Skilled Intelligence professionals should be able to separate the real hard nuts from the easily manipulated.
For some reason, best known to the powers that be, grave, secret service blokes have come up from their hideouts to issue sombre notices about the threat of terrorism in the UK.
Andrew Parker, the MI5 boss, believes our nation is more imperilled than ever before by evil Islamicists who are either bubbling up explosive materials in their kitchens or sneaking back in from ravaged Muslim countries with murderous plans.
Parker claims the danger is “at the highest tempo”, what with “plots, scheming and crude stabbings, lengthy planning and …spontaneous attacks”. He sounds like a Crusader.
The excellent and erudite columnist, Sir Simon Jenkins, roundly rubbishes Parker’s claims and suspects this is a naked resource and status bid by spooks. I am less sanguine than this knight of the realm.
I know, through my work as a journalist, that many British Muslims have turned venomously anti-West. Some have grievances I understand and share; the calamitous Western military action in Afghanistan, Iraq and Libya; the unaccountable, oppressive policies of Israel; the cruel demonisation of refugees from Syria and other devastated lands; racism.
But too many others just want to cause maximum hurt and feel, briefly, like cowboys of the eastern world. There are those about whom we know little – the mentally unstable, inchoate nihilists and suicidal no-hopers. It is unwise to breezily dismiss the dangers they pose to us and themselves.
Blameless British Muslims fear these possibilities even more than non-Muslims. When terrorist acts are carried out by proficient operatives or by demented lone killers, the rest of us feel collectively blamed and abhorred.
In some ways I do understand these instinctive reactions. If my child had been blown up by a Muslim terrorist at a pop concert in Manchester, I might never find tolerance in my heart again for Muslims or their faith.
Emotion is a potent force. It is remarkable that good citizens of Manchester and London did everything to keep going, determined to remain undivided as the dreadful tragedies unfolded. Racists, however, seized these moments, and did their worst.
Hate crimes against Muslims have increased fivefold since the Westminster and London Bridge attacks. That, in turn, will be raising more Muslim fury and so it will go on for a very long time. Now this deadly brew is likely to become even more bitter and toxic.
Hundreds of British Muslims – mostly men, but some women too and many children – have either returned to this country from Syria and Iraq or are on their way, as Isis faces military defeat and loss of territories. Parker’s doom-laden views partly come from this new, unprecedented challenge.
So what to do with the returnees? That is the question. Noisy right wingers want internment; nothing else will pacify them. Katie Hopkins probably would be happy if the government could come up with a ‘final solution’.
Thankfully, this country still has some sense and sensibility. On Radio4’s Today programme, two experts, Max Hill, the independent reviewer of terrorist legislation and Richard Barrett, the former MI6 global anti-terrorism director talked rationally about the problem without bombast and patriotic patois (‘great British values’, loyalty tests, etc).
Thy reminded listeners that returnees were not all alike or equally dangerous. Different reasons took them out there and there will be differences between them as they try to resettle.
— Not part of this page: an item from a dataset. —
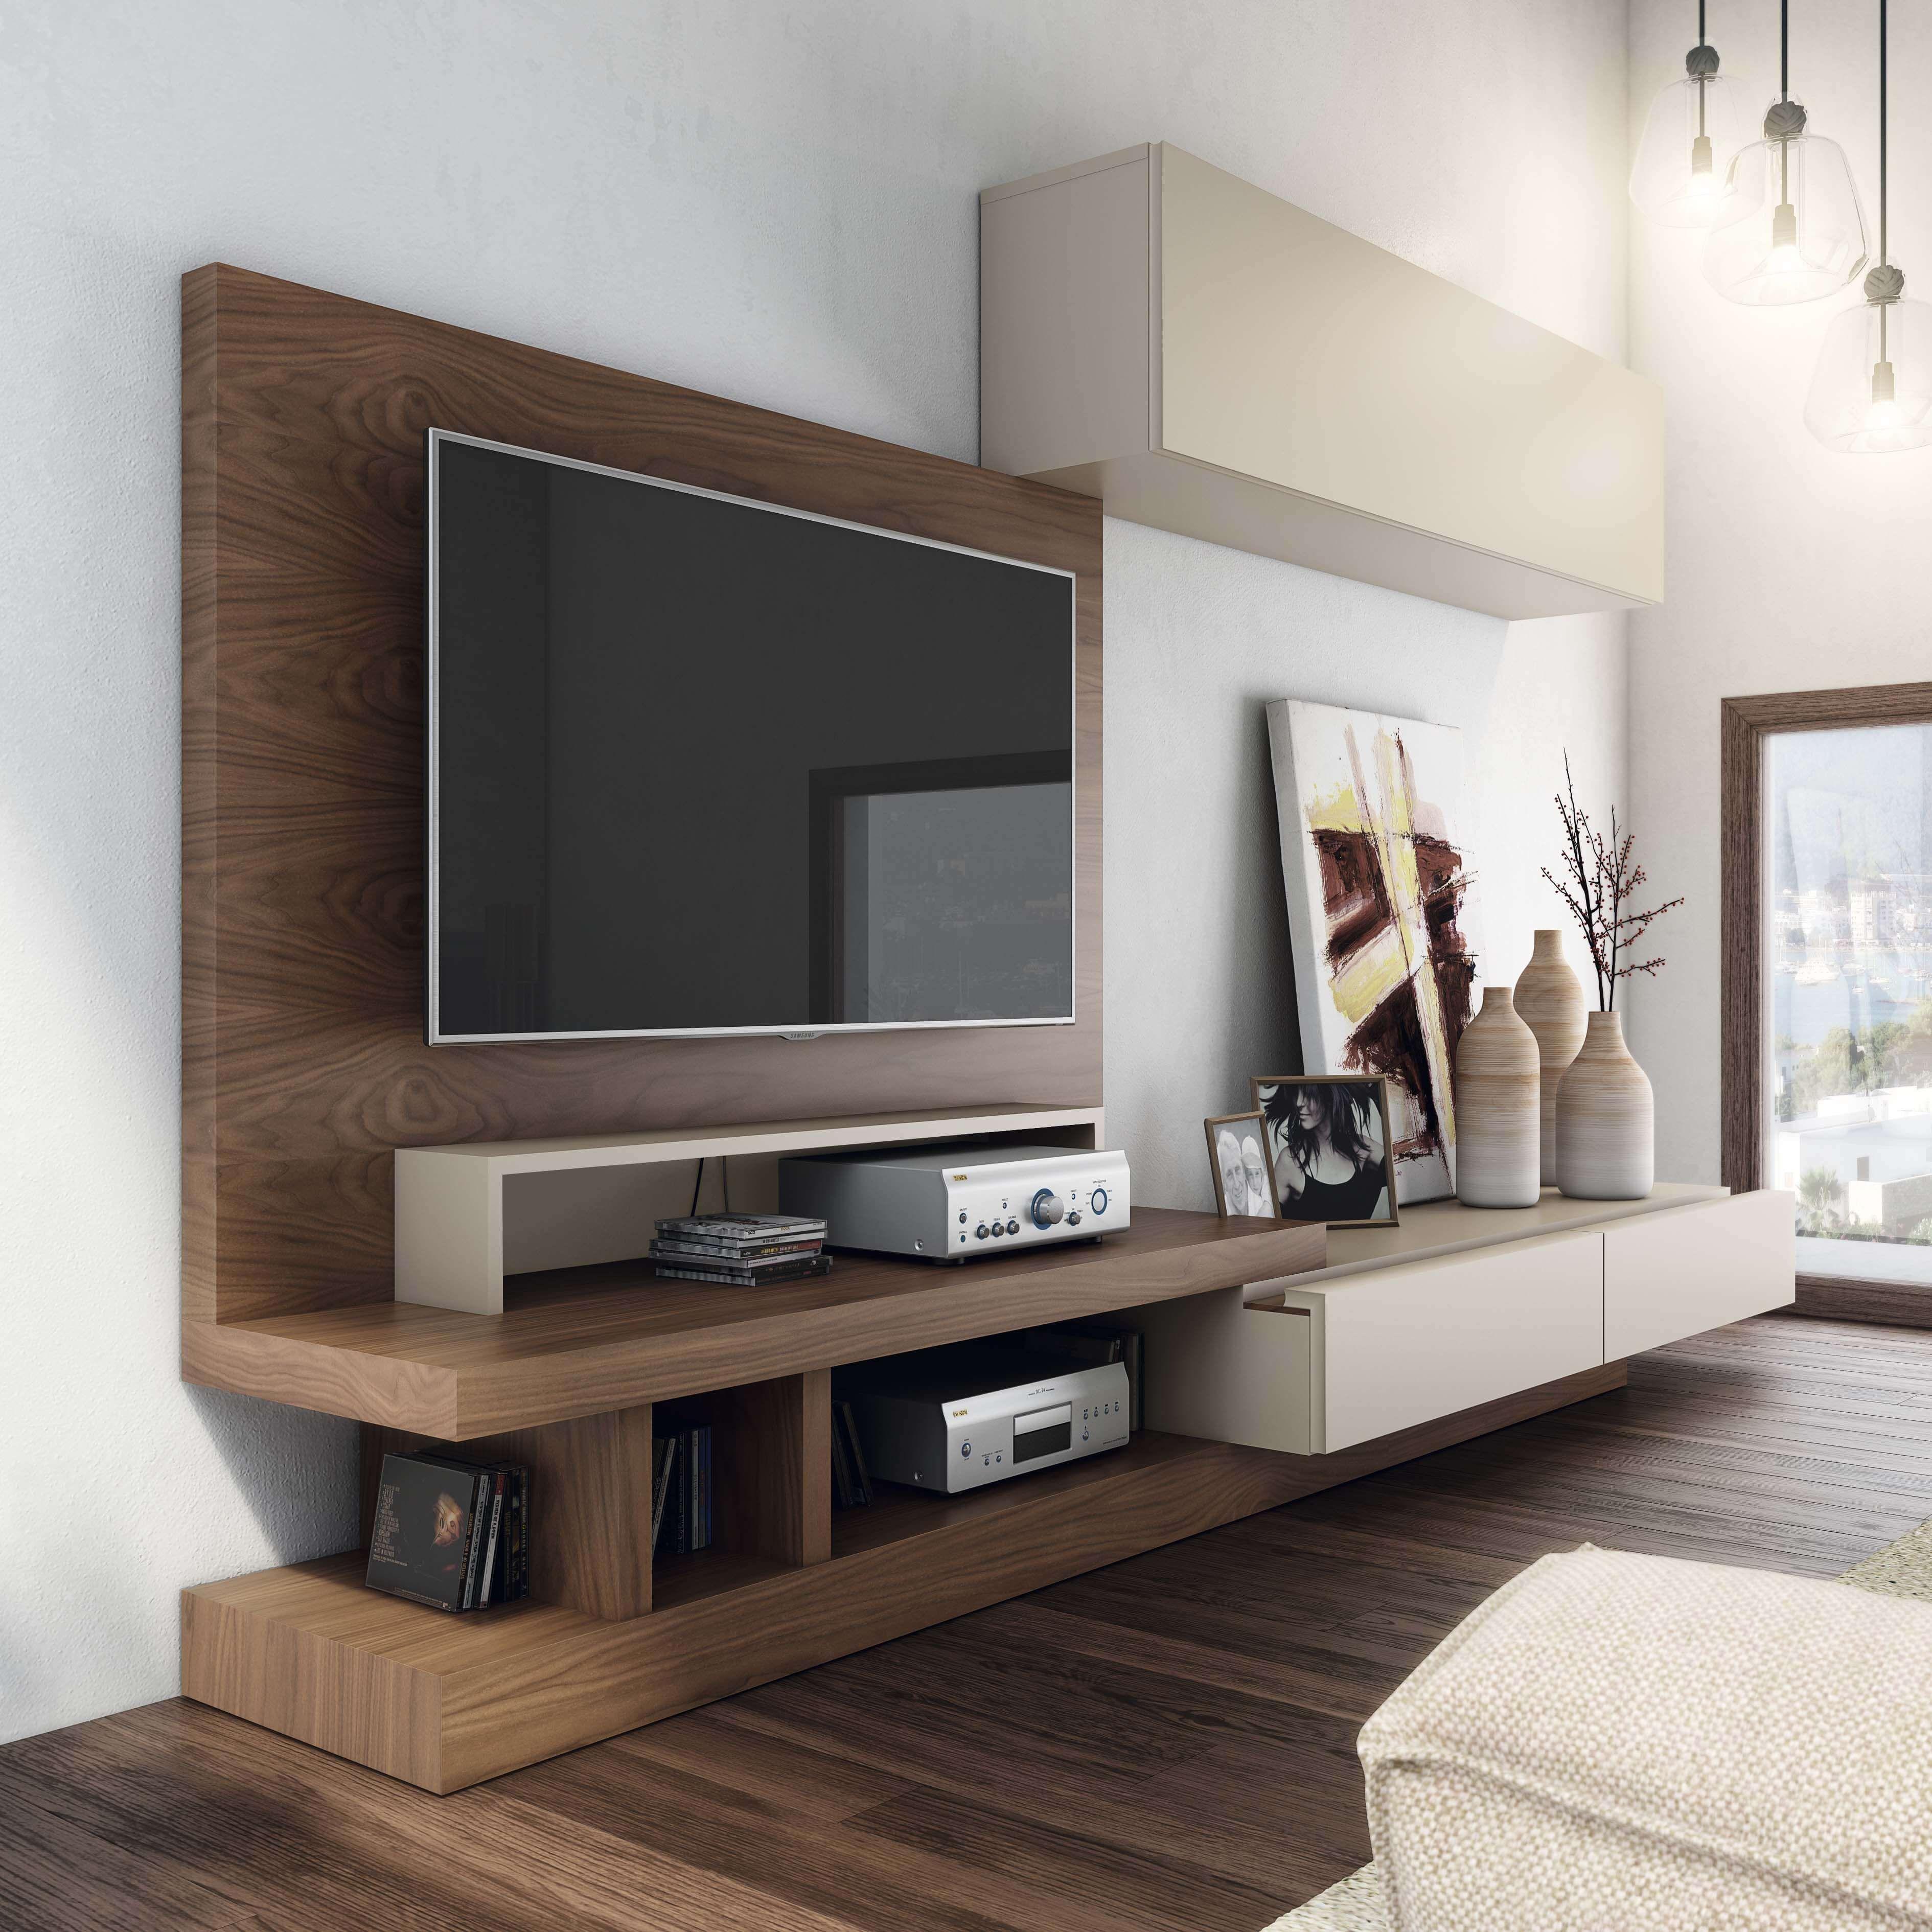 Tv Display Unit Ideas

Skilled Intelligence professionals should be able to separate the real hard nuts from the easily manipulated, the truth tellers from the practised lairs, those likely to carry out violent acts from those who are passive believers an Islamic global victory, incurable fantasists from those who are ‘awoke’ and regret what they did, the mad from the really bad.
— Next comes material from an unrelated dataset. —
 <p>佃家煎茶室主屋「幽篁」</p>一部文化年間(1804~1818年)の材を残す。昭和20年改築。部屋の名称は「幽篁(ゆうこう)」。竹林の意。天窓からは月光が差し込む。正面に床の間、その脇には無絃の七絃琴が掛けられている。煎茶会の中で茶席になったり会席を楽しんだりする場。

There are also the totally innocent men and women who went to these countries to help civilians. A young medical student I vaguely knew, took off to go help Assad’s victims. He has never been seen again. His distraught parents don’t make official enquiries. He might be dead, but what if he joined Isis? They fear ostracisation and no longer go to mosque.
The final and most difficult decision is what to do about the children, many of whom have been thoroughly, mercilessly radicalised. Those who knowingly became Isis guerrillas must face due process. But various others may require state compassion and resources to find themselves again and fit in.
Progressive Muslims, empathetic politicians, police forces, educators and international aid charities all have a part to play in this process. The outcomes can’t be predicted – some radicalised Muslims will never reintegrate – but the rest deserve a chance, for their sake as well as the sake of the country.
Even at these taxing times, the urge only to punish has to be curbed. If it isn’t, a liberal democracy will become an elected autocracy. And then no one is safe.